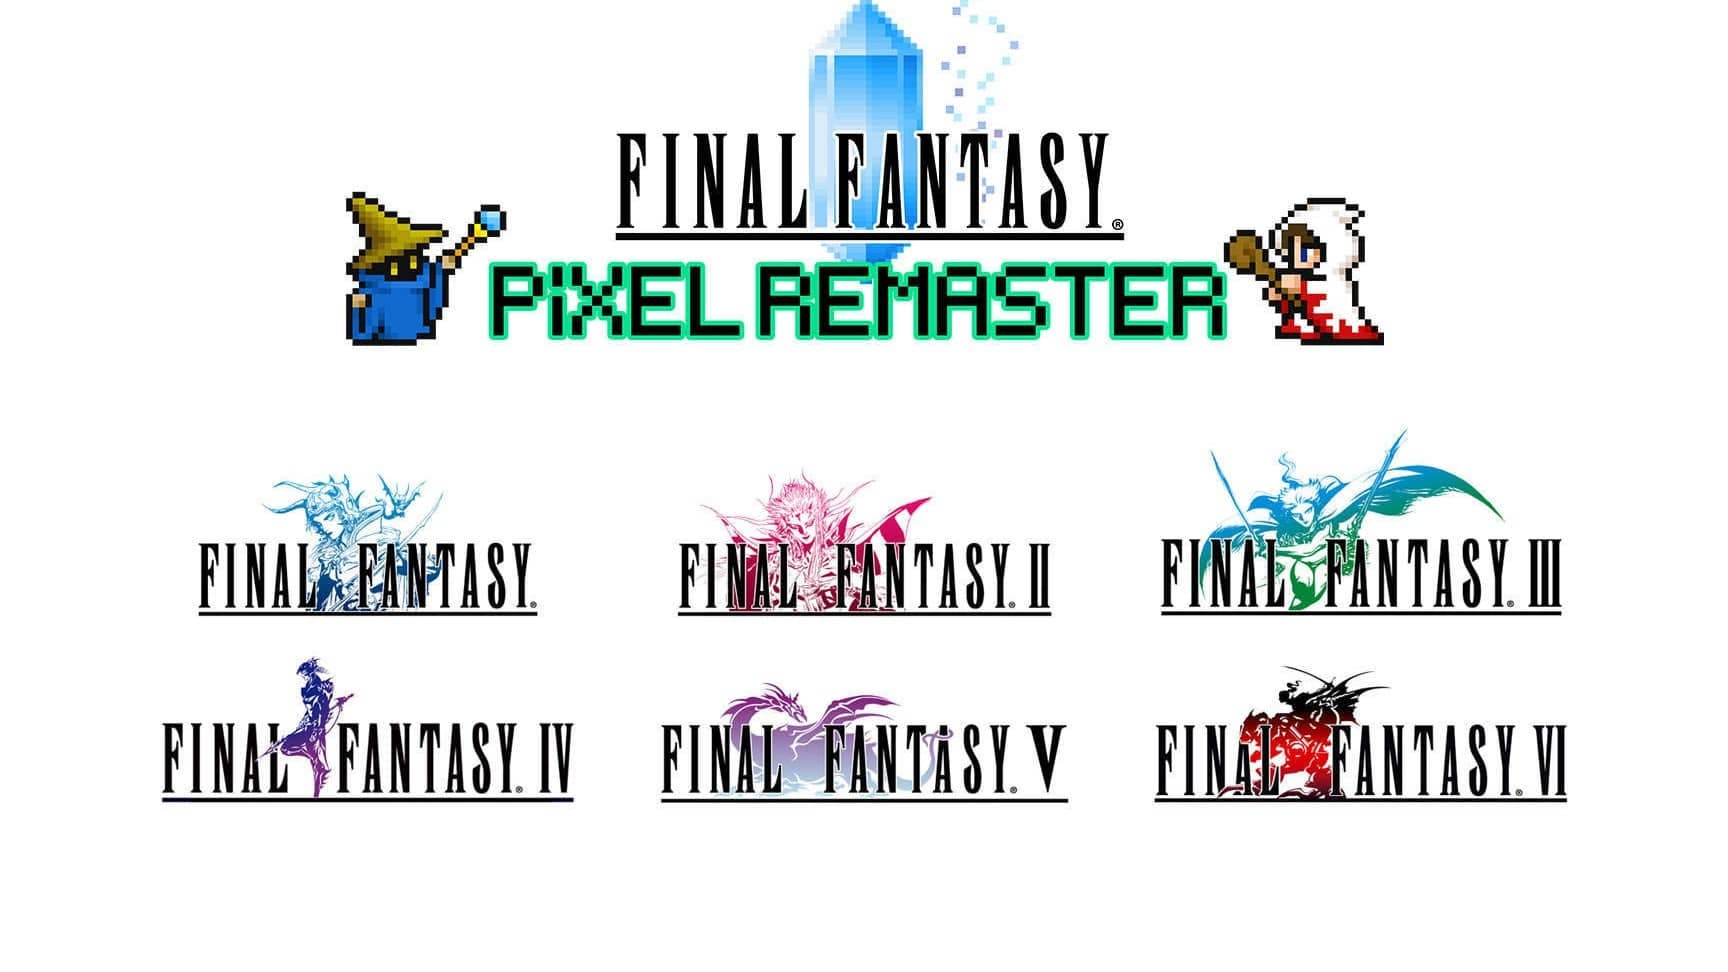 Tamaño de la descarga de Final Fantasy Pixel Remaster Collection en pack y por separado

☆ ☆ ☆ ☆ ☆

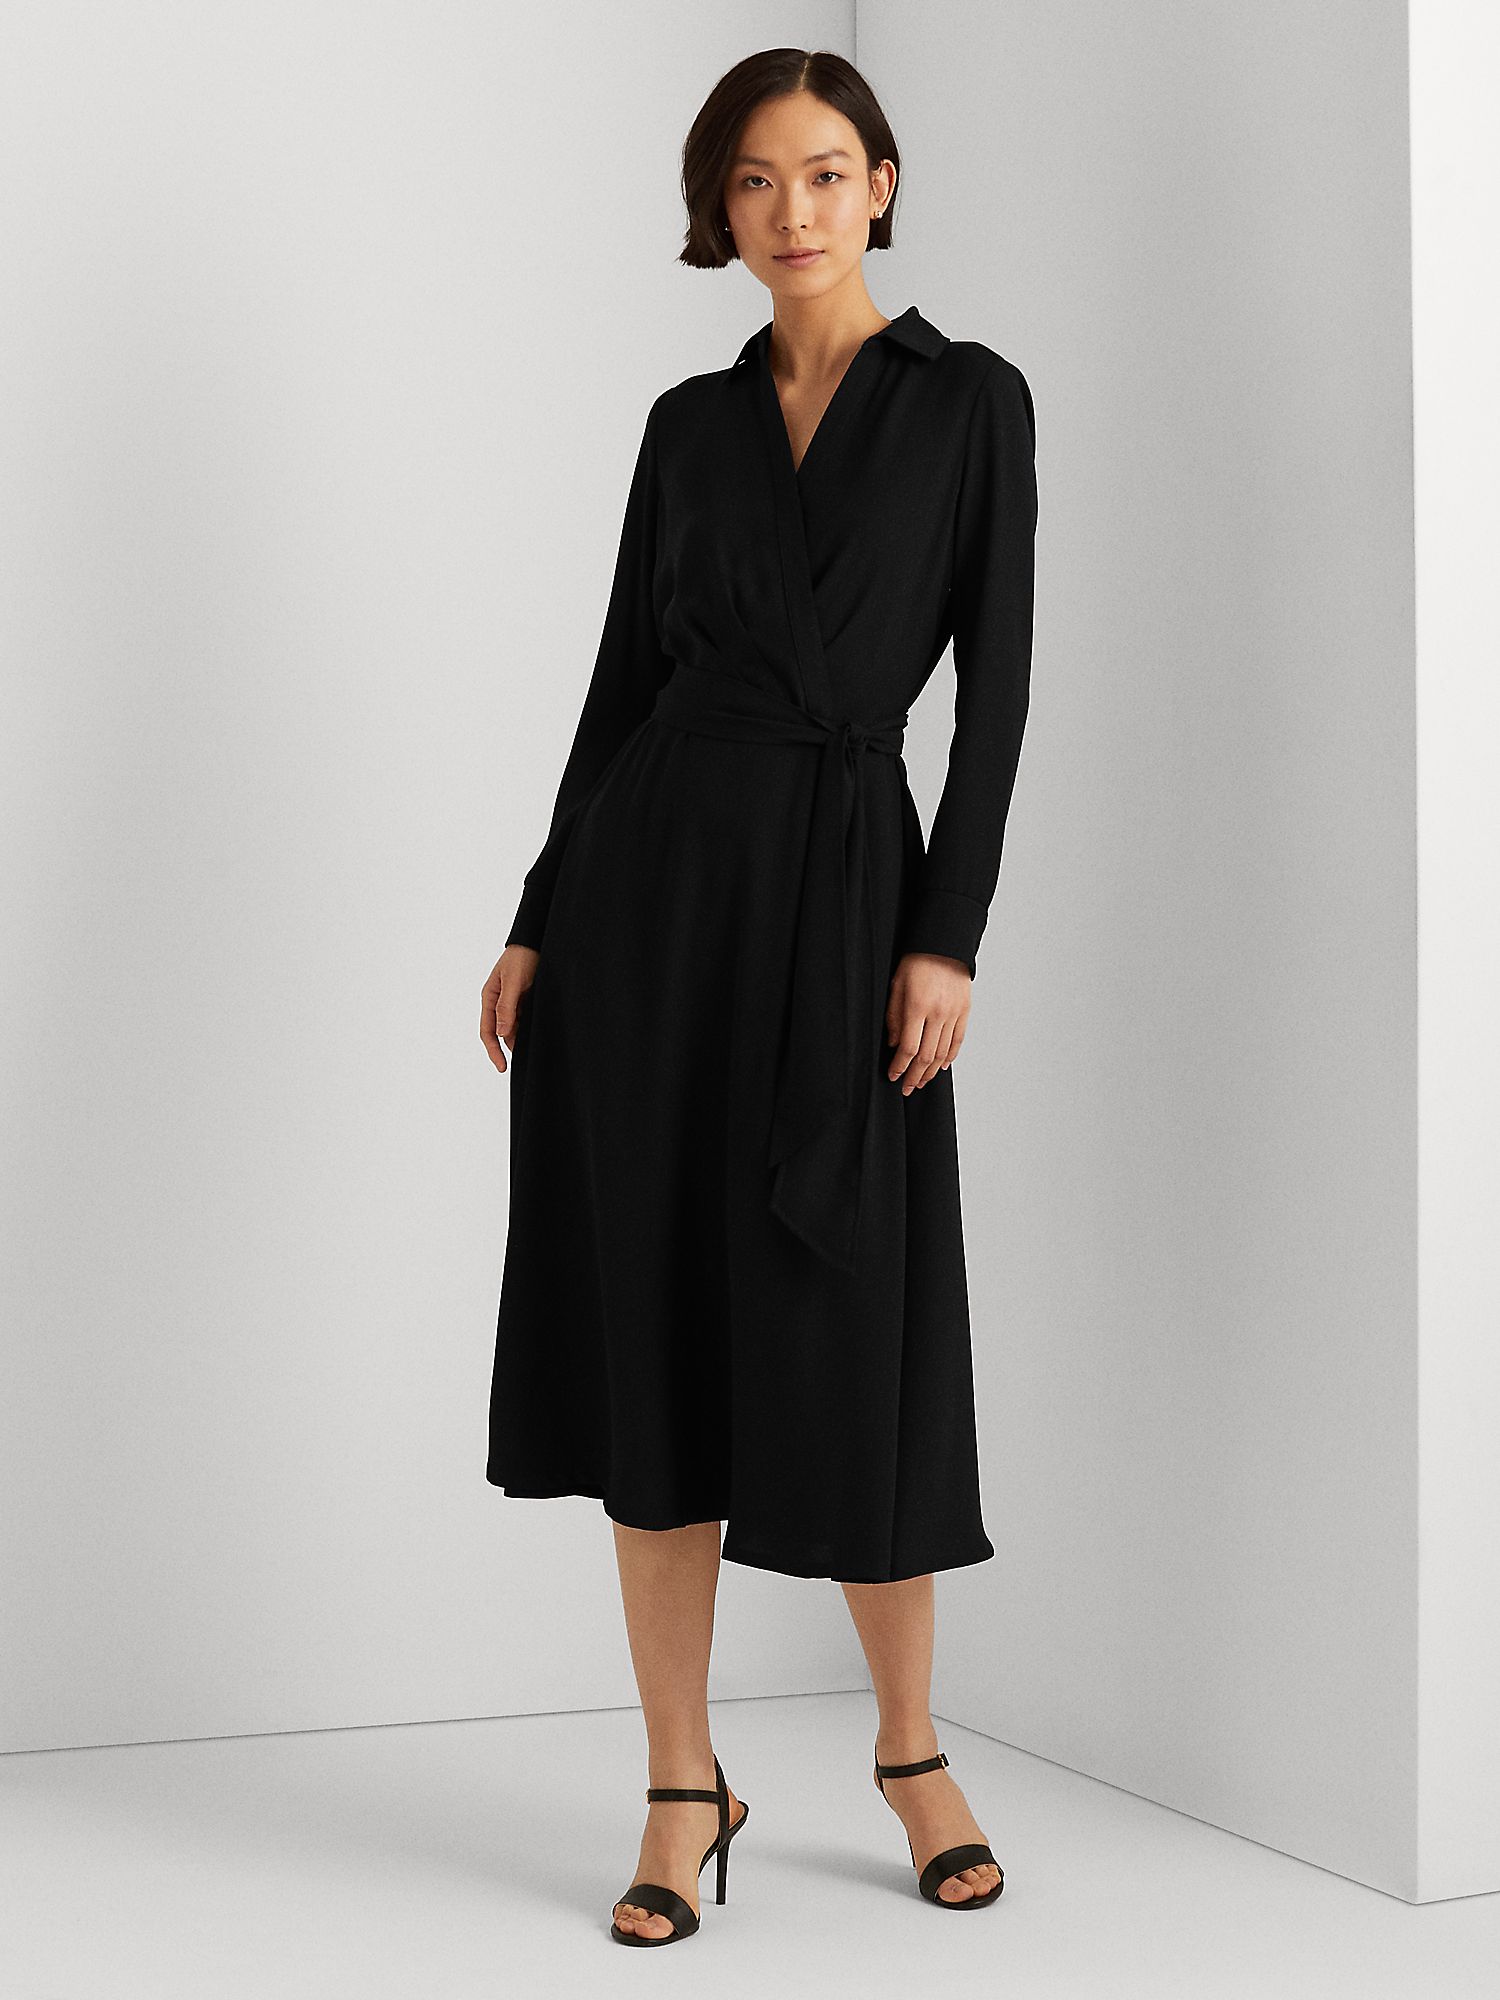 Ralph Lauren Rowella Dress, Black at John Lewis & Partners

☆ ☆ ☆ ☆ ☆

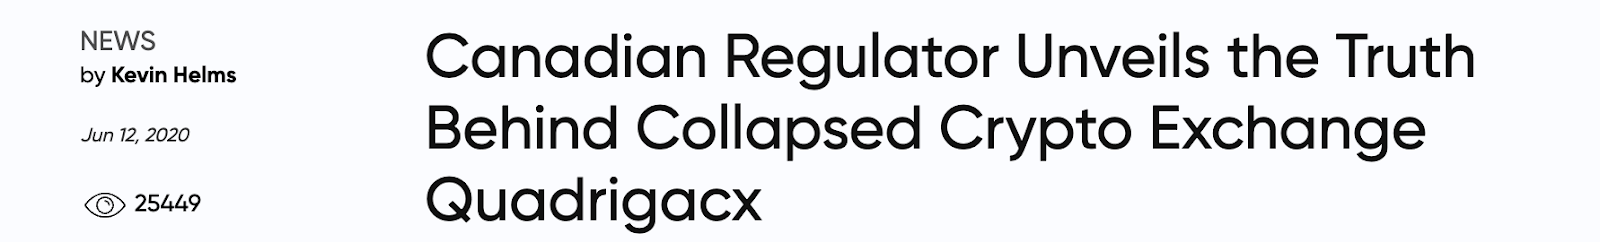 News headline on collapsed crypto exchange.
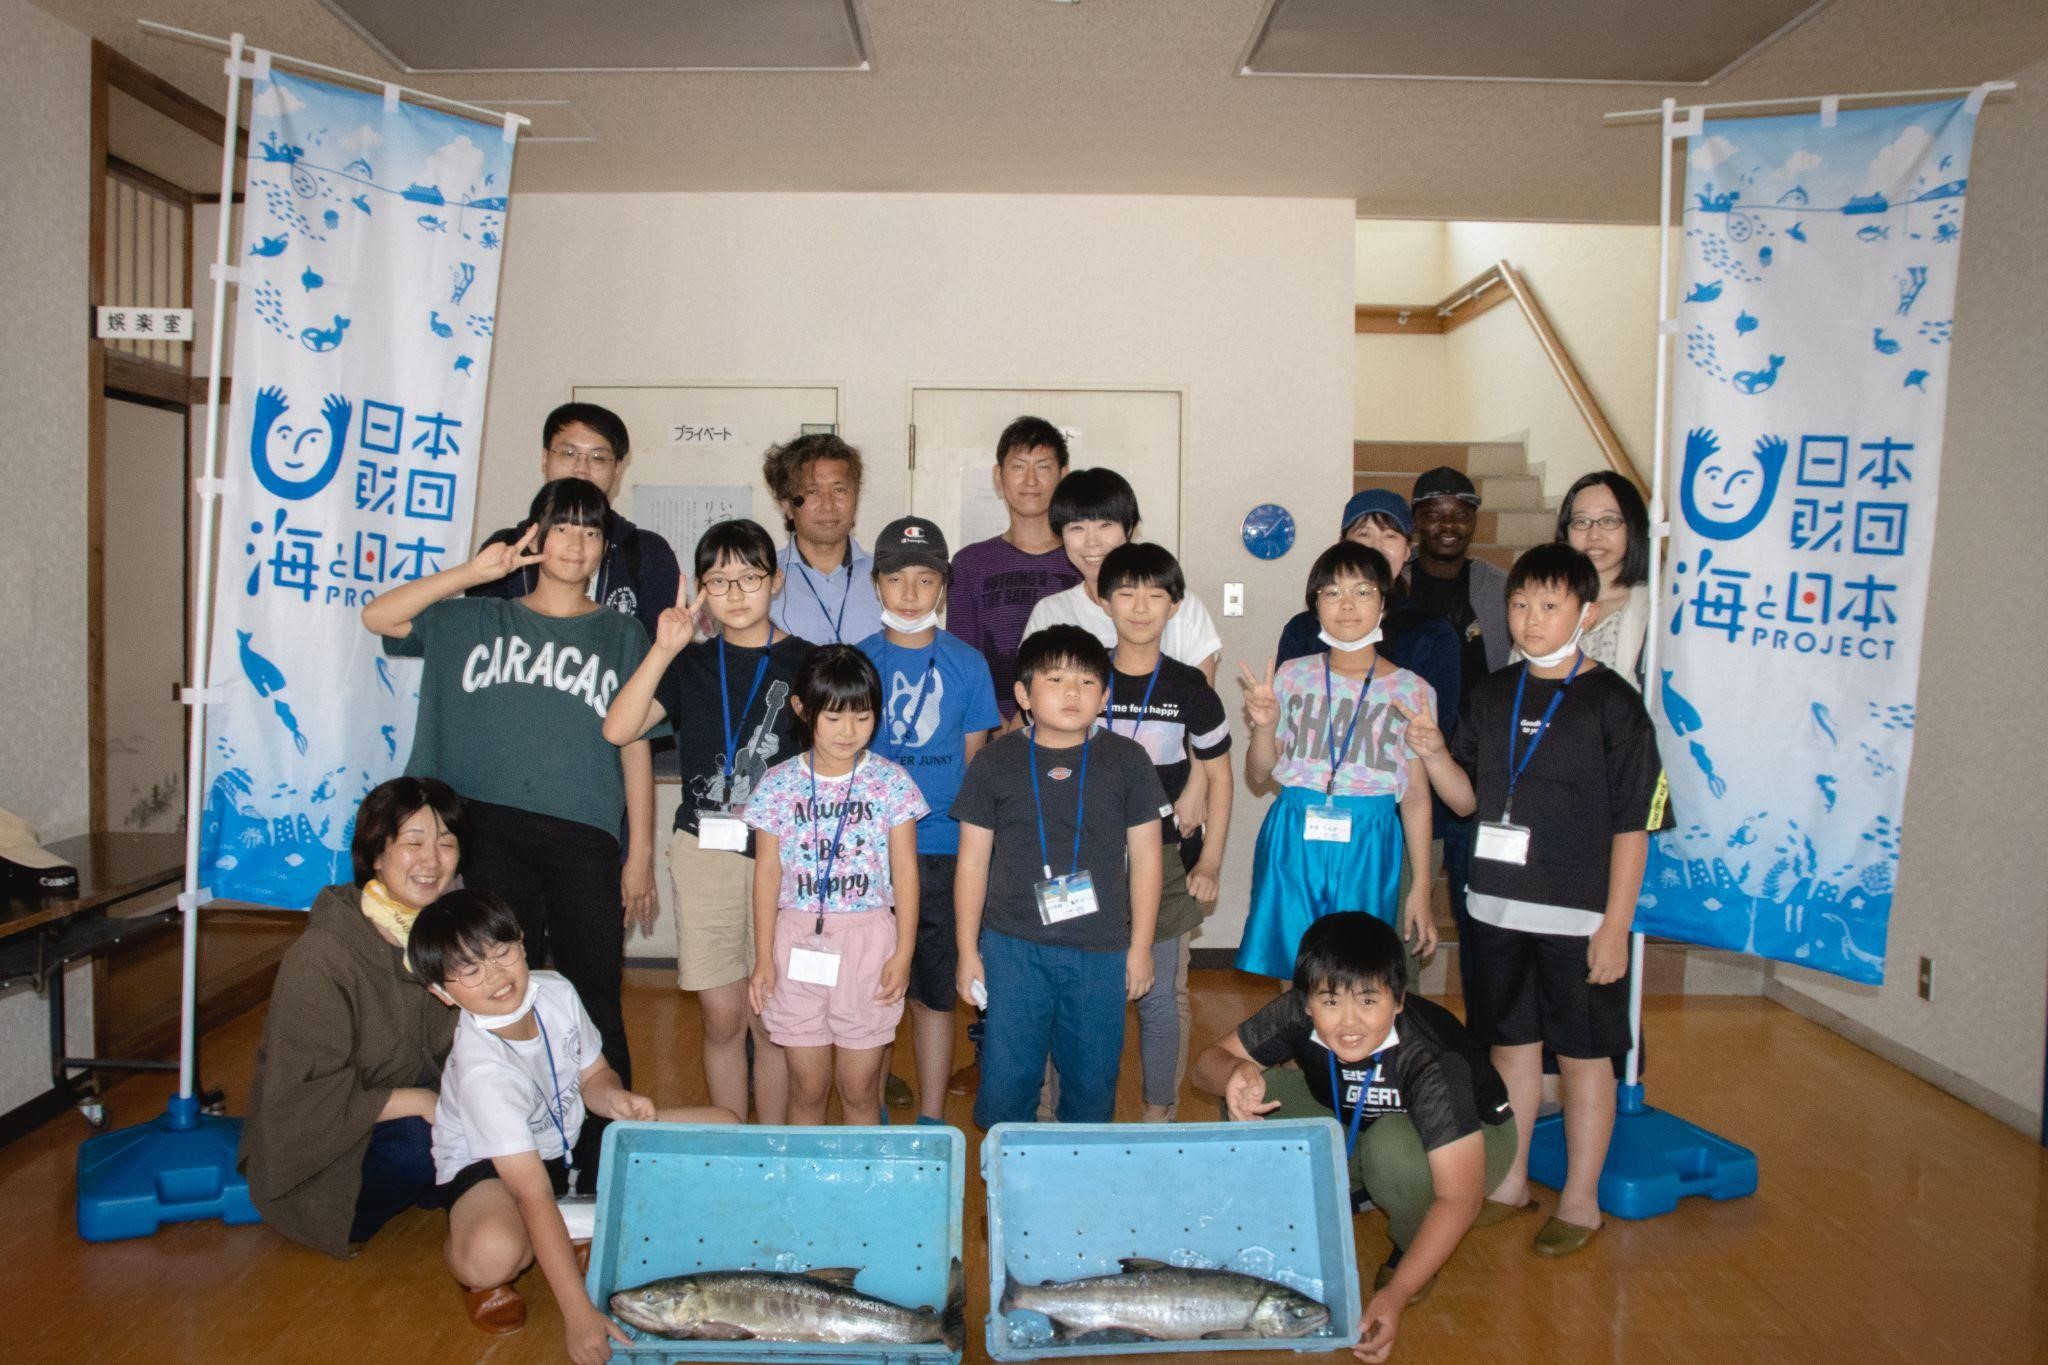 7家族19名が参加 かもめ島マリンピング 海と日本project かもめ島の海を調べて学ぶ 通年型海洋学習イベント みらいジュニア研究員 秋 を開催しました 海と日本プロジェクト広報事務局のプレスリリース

☆ ☆ ☆ ☆ ☆

Take the lines above starting at the one containing "News headline on collapsed crypto exchange." and ending at the one containing "7家族19名が参加 かもめ島マリンピング 海と日本project", and print them again exactly, without pictures.

• RESPONSE AREA
 News headline on collapsed crypto exchange.
 7家族19名が参加 かもめ島マリンピング 海と日本project かもめ島の海を調べて学ぶ 通年型海洋学習イベント みらいジュニア研究員 秋 を開催しました 海と日本プロジェクト広報事務局のプレスリリース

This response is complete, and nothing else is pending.